Much more common, particularly in measuring social innovation initiatives is the problem of selective dropout. This occurs when the “users” of a particular intervention find it either too easy or too difficult, and stop participating. When that happens, the results of any subsequent analysis can be markedly skewed. Perhaps its true that the average literacy rates of a particular classroom of students improved by 20% after the administration of our program, but it’s meaningless if 20% of the students found it too difficult and left the class altogether.


The inverse problem–a form of priming–is particularly common in social innovation and makes measurement difficult. This occurs when the measurement of an intervention suggest–often subconsciously–what the “right” answers should be.

Finally, there are compensation effects that can occur when we change a social system. When we make cars safer, people may drive more dangerously, precisely because we made driving less dangerous. When we make cookstoves more efficient (and therefore more healthy and less polluting to use) people may use them more, offsetting the benefits of the efficiency.

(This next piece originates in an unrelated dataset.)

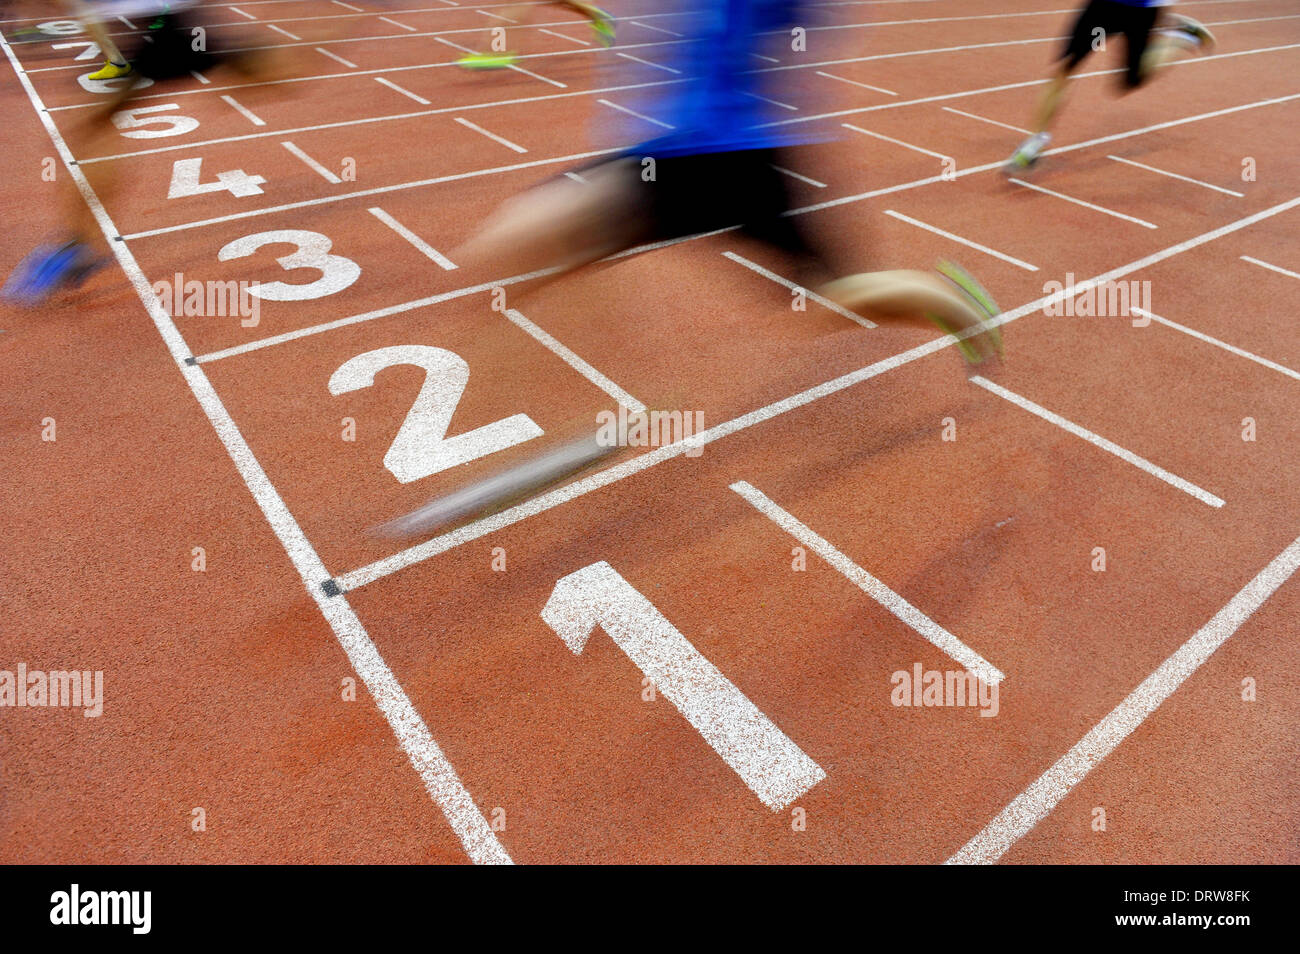 Verschwommene Athleten durch eine langsame Kamera Verschlusszeit sind nach Sprint Track die Ziellinie überqueren. Stockfoto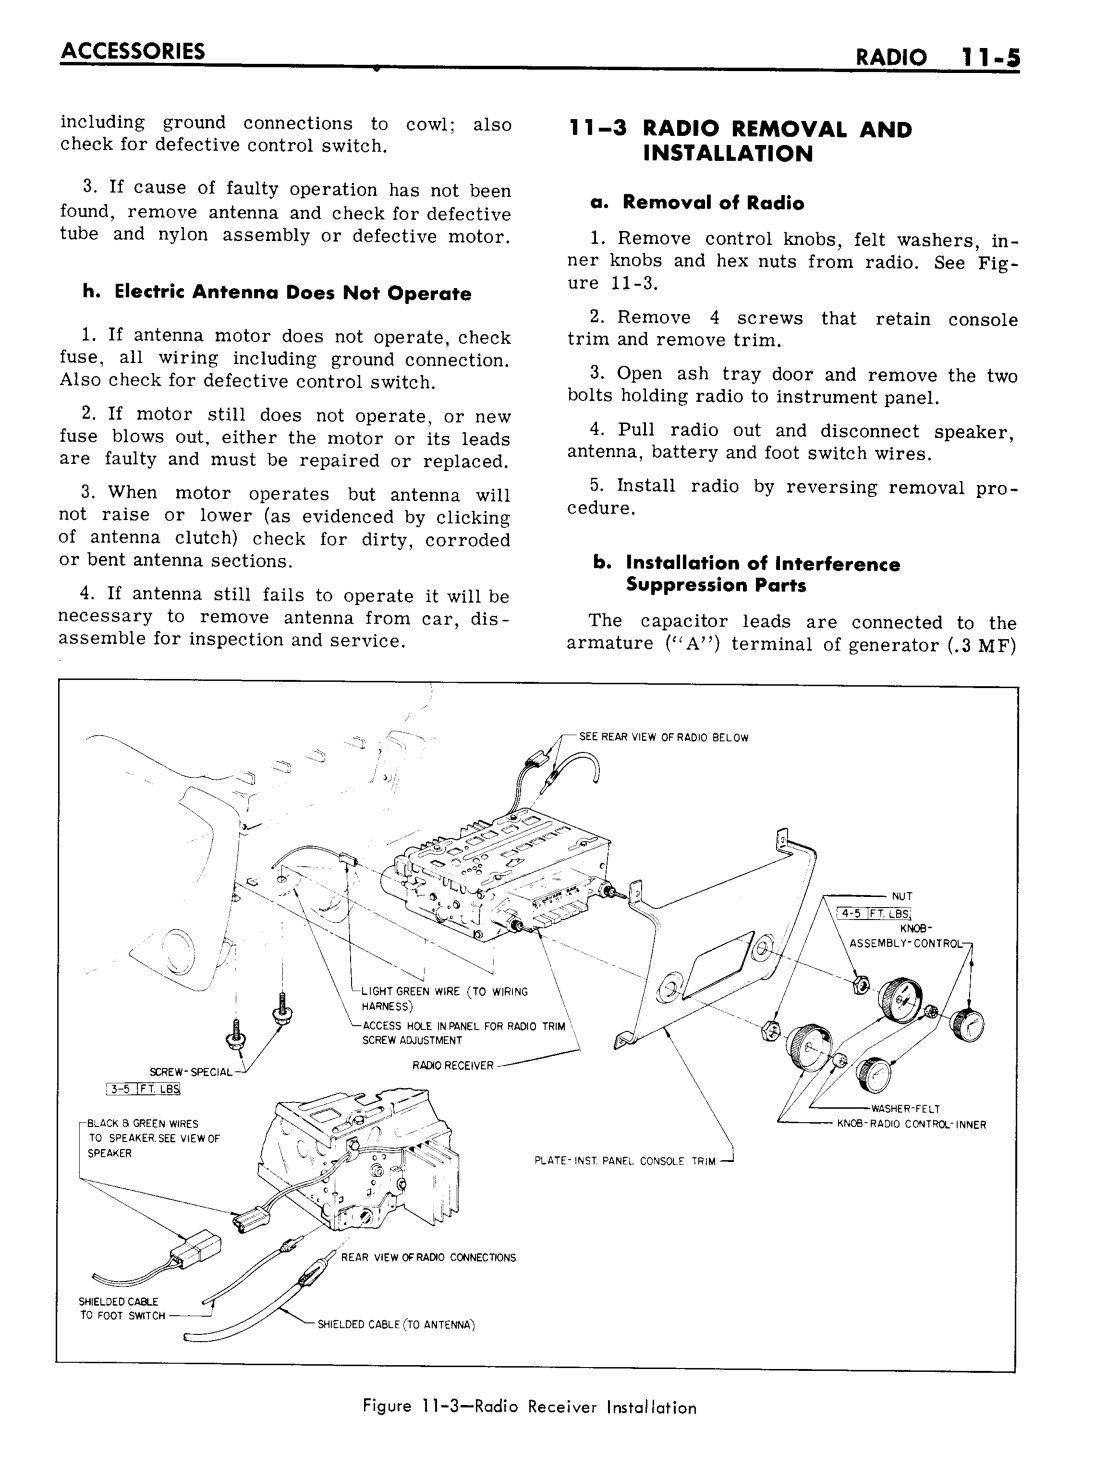 n_11 1961 Buick Shop Manual - Accessories-005-005.jpg

All of these biases–sample maturation, practice effects, regression artifacts, placebo and compensation effects, and countless others–can dramatically distort the perceived success of a particular intervention, often making it look much more effective than it actually is.

Does this mean we should just throw in the towel? Hardly. Social science and fields like medical research are replete with tools for designing effective impact measurement. Data scientists and information economists in particular are beginning to pair with social innovators to understand the dynamics of interventions, and separate what works from what doesn’t. Technologists are uncovering new ways to aggregate core impact data and make it open. Yet this work has little bearing on the kind of impact statements demanded by many funders today.

What we need now is a revolution in both the practice and culture of social innovation, one that recognizes that meaningful measurement is every bit as essential–and artful–as the interventions themselves, and bakes it in as a core component of the work. Otherwise, we may very well be wasting everyone’s time.